# Blue Circle Cement Co. Tugs



## Trader

A friend of mine has asked me if I could find any information for him on the tugs of the above company. He worked on them when he left school and he also worked in their workshops at Northfleet. He went on to become an engineer at sea, coasting and deep sea. He is 70 now so it is a few years ago now. I sailed with him on Wm. H. Muller ships on the London/Paris run.

He is trying to write a book on his experiences at sea and wants to start at the beginning. I have Googled and Googled and have come up with nothing.

Is there anyone out there who can help please. I thought that Stan Mayes might know something as it is in his territory.

Regards..............Alec.


----------



## KYRENIA

Trader, Hi
Try the tugtalk website. Google search "tugtalk" it will take you there.
Cheers John.


----------



## stan mayes

Thankyou for the compliment Alec-- I see my friend John has already responded.
Another friend John Woodman spent his working life on London river - started in sailing barges then into river tugs and was a Skipper for many years.
I will ask him to help - but what exactly does your friend want to know?
Regards
Stan


----------



## Trader

Thanks for your post John. I tried "tugtalk" but it said............Site under construction....

Stan, he is looking for some tug names and the places that they went to on the Thames. One name that he remembers is "Colourmix".

Regards....Alec.


----------



## Cobbydale

Trader said:


> Thanks for your post John. I tried "tugtalk" but it said............Site under construction....
> 
> Stan, he is looking for some tug names and the places that they went to on the Thames. One name that he remembers is "Colourmix".
> 
> Regards....Alec.


Try this web site for tugtalk http://www.clydesite.co.uk/tugtalk/index.asp?ref=log


----------



## Cobbydale

Cobbydale said:


> Try this web site for tugtalk http://www.clydesite.co.uk/tugtalk/index.asp?ref=log


Photo of Blue Circle tug


----------



## Cobbydale

Another couple of tugs


----------



## Corrimeala

Cobbydale said:


> Another couple of tugs


i was a Thames lighterman back in the late 50's and 60's.
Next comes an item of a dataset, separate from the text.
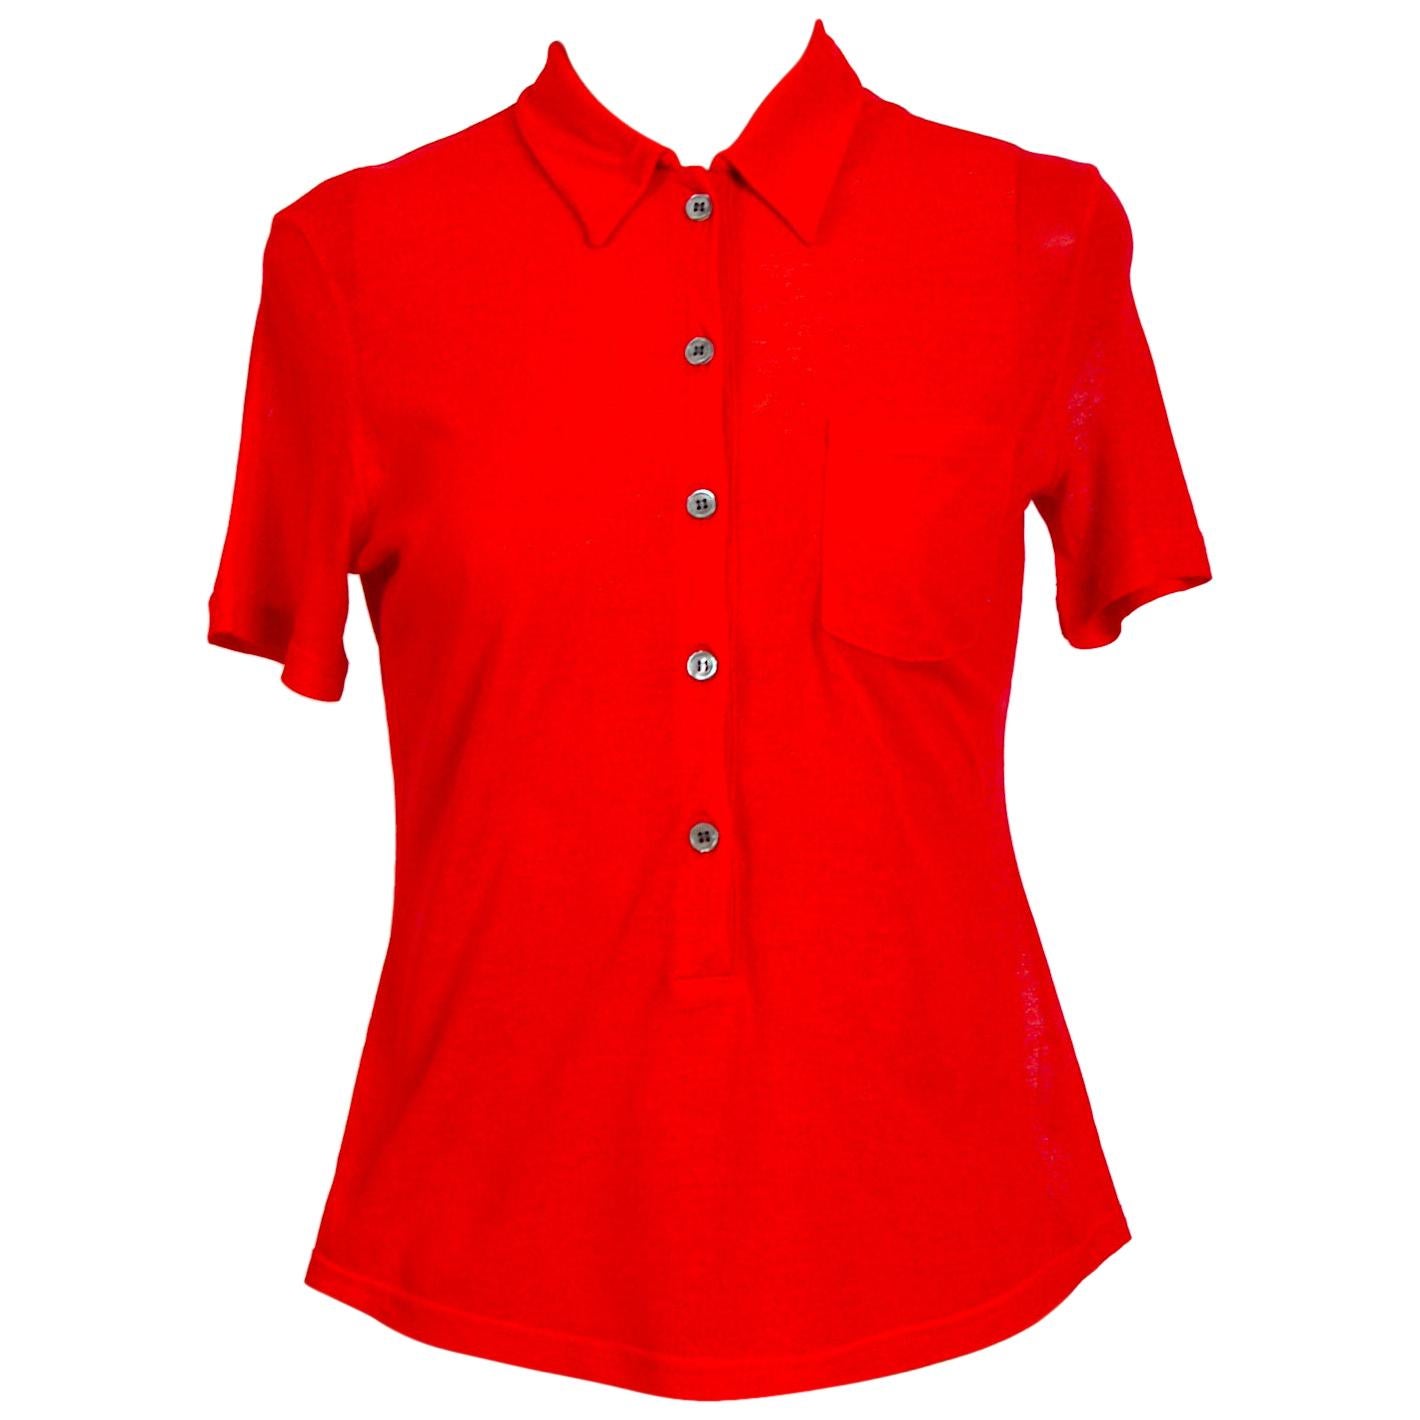 Helmut Lang collectors vintage 1998 red cotton jersey top

For much of that time I was what was known as an "un-attached hand", that meant I was seconded to lighterage companies as and when required.

I spent a number of stints working for Blue Circle. Not one of my favorite jobs as the cement dust was horrible. When we were supervising the loading and unloading of barges we had to be so careful that the cargo did not get wet.
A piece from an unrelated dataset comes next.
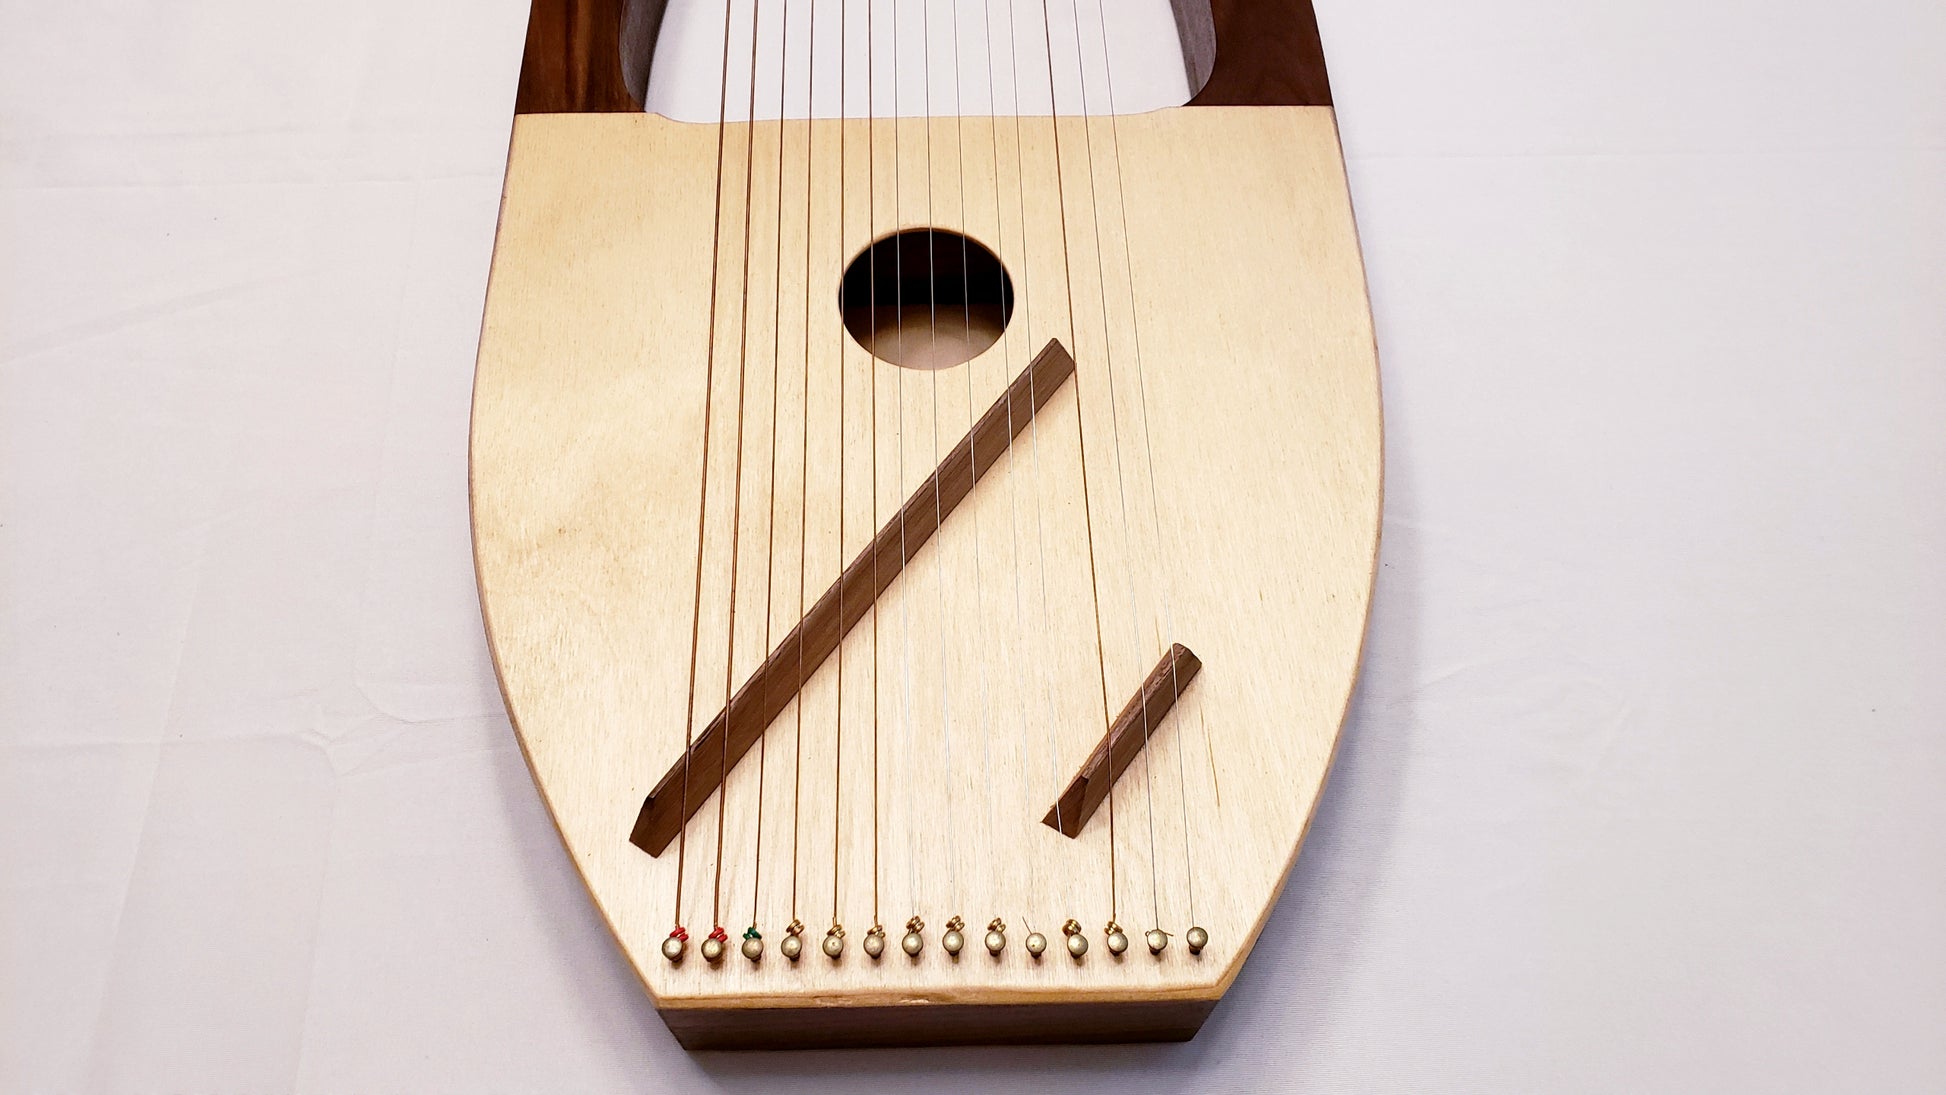 David's Harp 14 Stringed: View of Strings

This meant with London's weather we spent all day covering up and then 5 minutes late uncovering. This was with hatches and tarpaulins. Bloody hard work. I can't remember tug names but I would have towed behind all of their tugs at one time or another.


----------



## KYRENIA

Alec, also try thamestugs.co.uk
Cheers John.


----------



## Trader

Cobbydale, thanks for the lead to the web site which is very interesting and also for your photos which I will send on to my friend.

Corriemeala, thanks for your imput. I know what you mean about hatchboards and tarps and rain. I spent a lot of time on the coast and loaded cement several times on the Thames. Not a nice cargo.
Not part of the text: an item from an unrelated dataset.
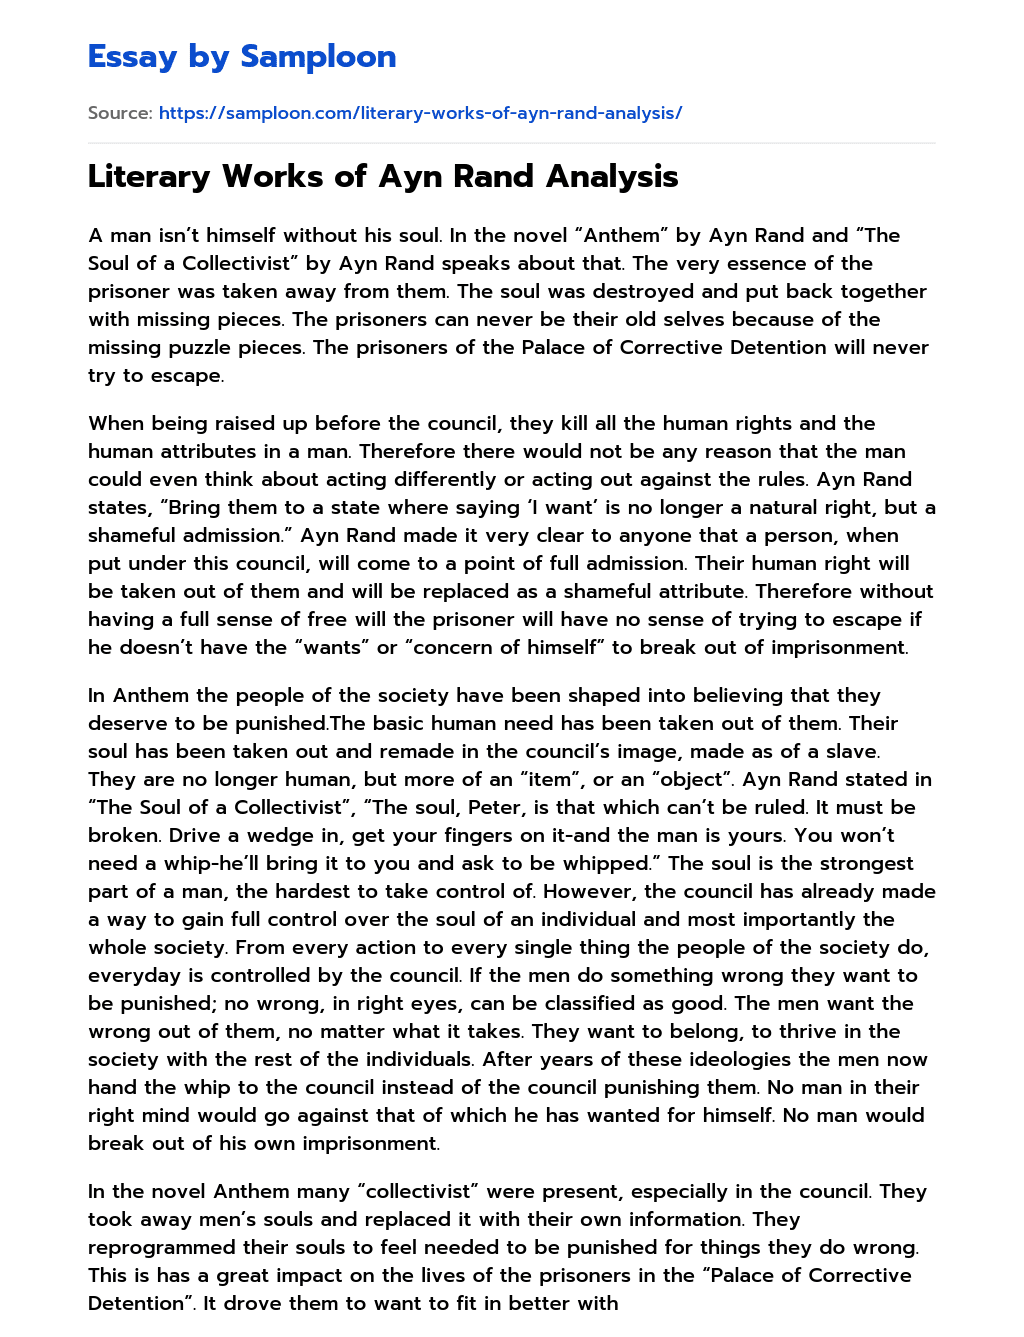 Literary Works of Ayn Rand Analysis essay

John, I will try Thamestugs. I have had some good info from another site called "Coasters Remembered" giving me a fleet list.

Thanks to you all...............Alec.


----------



## Corrimeala

You could go to the *Liquid Highway*. I don't know if there are any of Blue Circle's tugs there but you can do a search.

The Liquid Highway is a site for Lighterman and Waterman of the Thames but anyone with an interest in the Thames can join (no fee) and look at the picture gallery there.


----------



## Trader

Thanks for that Link Corriemeala. I have just registered, looks like an interesting site.

Alec.


----------



## Riverman

You could also try the TUGGIES site at..........

http://riverman.gotdns.com/gallery

Riverman


----------



## todd

*Associated Portland Cement Manufactures Ltd.*

I found this list from the early 1960`s, hope it will be helpfull.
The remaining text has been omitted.